David Just, a professor of behavioral economics with the Food and Brand Lab at Cornell University in Ithaca, New York, credits the restaurant’s success to its unassuming offerings.

“There’s no pretension,” he said. “They’re serving food that basically everyone’s really familiar with; they’ve probably had most of it in their own homes.”

That theme is echoed in memorabilia and ephemera-heavy decor, with 1,000 items staged in each outlet (taken from a Tennessee warehouse that holds 90,000 objects at any given time, none of them reproductions). And the front “porches,” with their rocking chairs and checkers games, and country stores, with their selections of seasonal kitsch, regional favorites and foods served by Cracker Barrel — both of which act as reception areas for the restaurants — add to the image.

Felicia Campbell, an English professor at the University of Nevada, Las Vegas, and executive director of the Far West Popular Culture Association, credits much of the restaurant’s appeal to its romanticized country theme.

“They’re nostalgic for something they don’t remember,” Campbell said of Cracker Barrel fans. “It’s all sort of Walt Disney-ed and sanitized. If you think back to what it would have been like, they wouldn’t have been plastic and sanitary and that sort of thing. … It’s just kind of a nostalgia for an era that never was.”

Anthony Gatling, an assistant professor in the hotel college at UNLV, also said it’s not memories that drive Cracker Barrel’s popularity.

“One thing Cracker Barrel has been brilliant in doing is really creating a consistent experience relative to food and service,” he said. “I travel the country, and whenever I see a Cracker Barrel, that restaurant goes on the list, if I’m staying in a specific town, or if I’m traveling through, they’re my first choice.”

Gatling clearly isn’t alone; an unusually high percentage — about 33 percent — of Cracker Barrel customers are travelers, according to Business Insider.

Liz and Frank Bonesteel of Pahrump would agree. Liz emailed that Frank once ate breakfast and dinner at two Cracker Barrels more than 1,100 miles apart on the same day — breakfast with his mother in Daytona Beach, Florida, and dinner with Liz in East Greenbush, New York.

CSN’s Rosenberger said he expects some vistors who are not familiar with the chain may be underwhelmed and perhaps even a bit confused about what all the excitement is about.

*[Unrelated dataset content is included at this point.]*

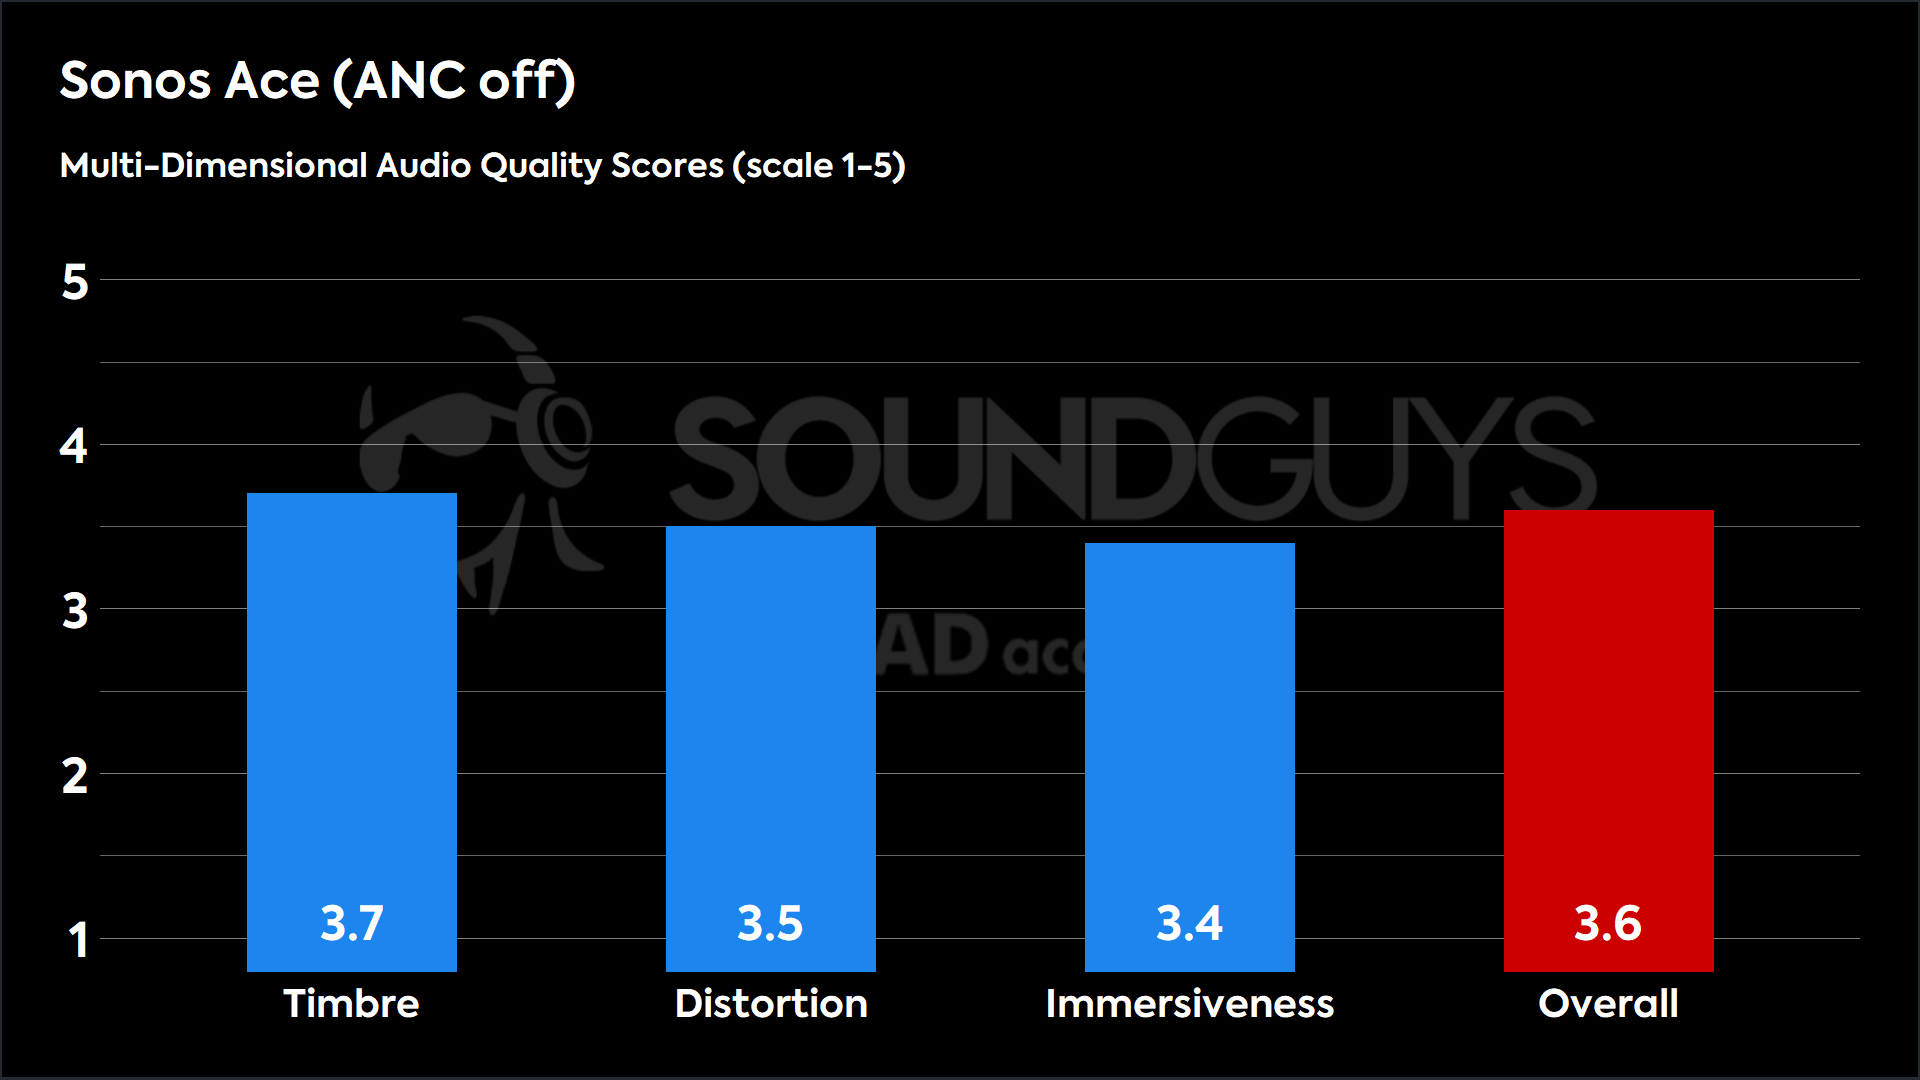 This chart shows the MDAQS results for the Sonos Ace in ANC off mode. The Timbre score is 3.7, The Distortion score is 3.5, the Immersiveness score is 3.4, and the Overall Score is 3.6).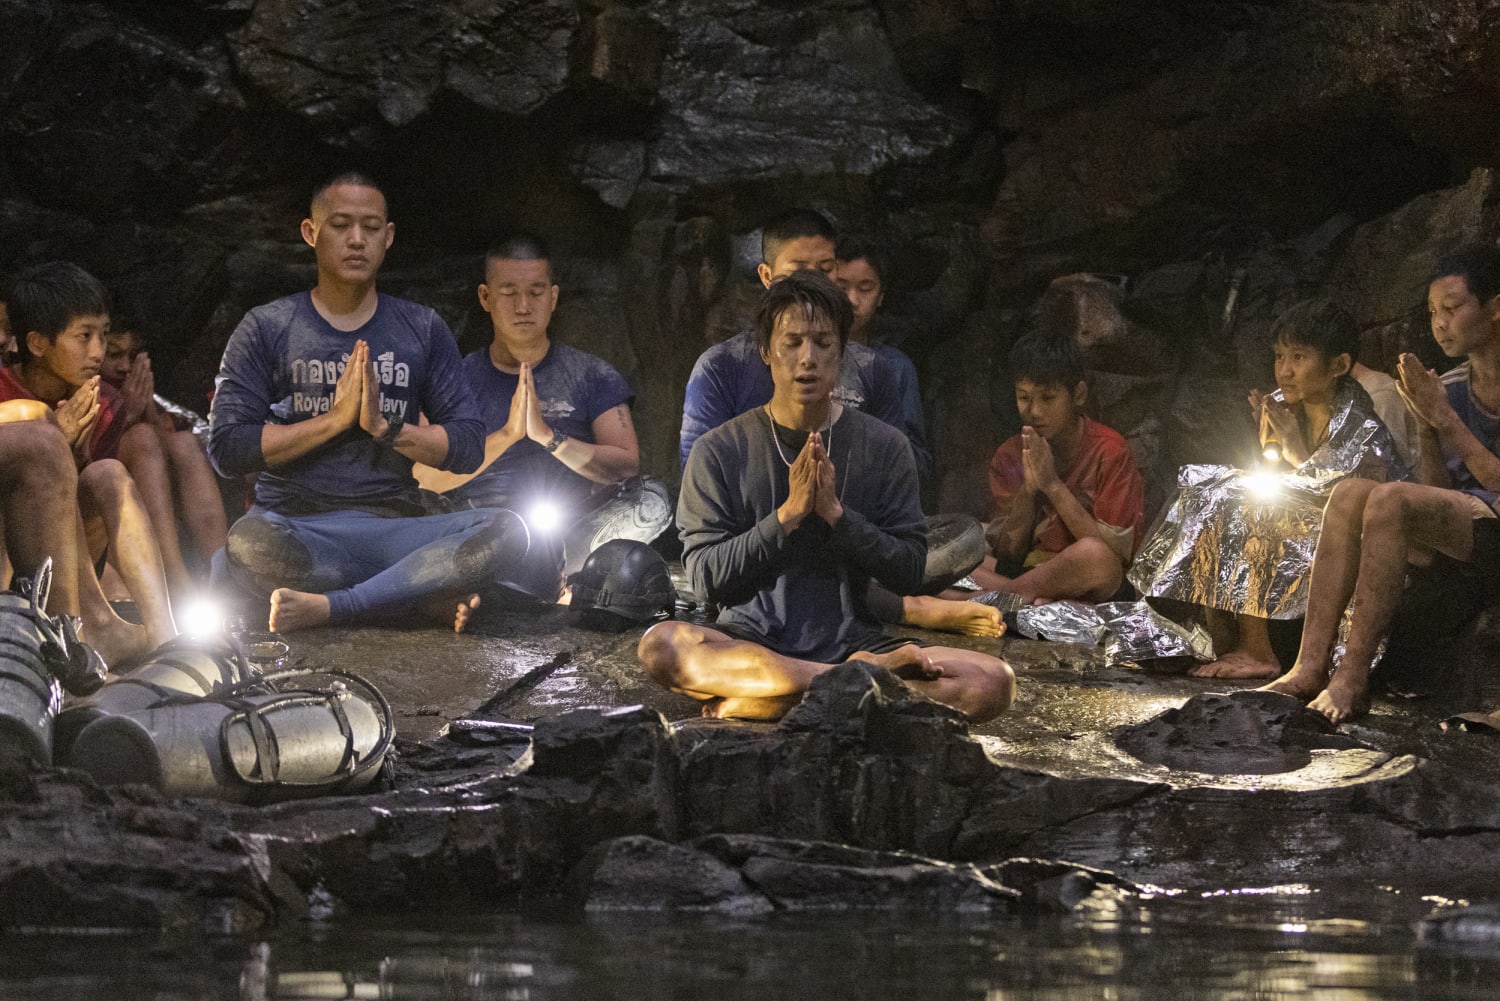 'Thirteen Lives' tells the story of a Thai rescue mission from a Thai perspective

“But, thinking of Cracker Barrel, my mouth is watering,” he added.

Which no doubt also is the case for Winifred “Winnie” Garvin, a 95-year-old resident of Prestige Senior Living at Mira Loma in Henderson who keeps a Christmas ornament she had purchased at an Indianapolis location close at hand.

“I have missed it so much that one of my best friends here drives me to Utah once a year to the Cracker Barrel in St. George,” Garvin said. “I cannot tell you how excited I was to read … about their new restaurant here.”

“We have a bus that will hold 18 residents,” said Cendrene Neil, the outreach director of Henderson’s Prestige Senior Living. “I think we will be planning trips to Cracker Barrel.”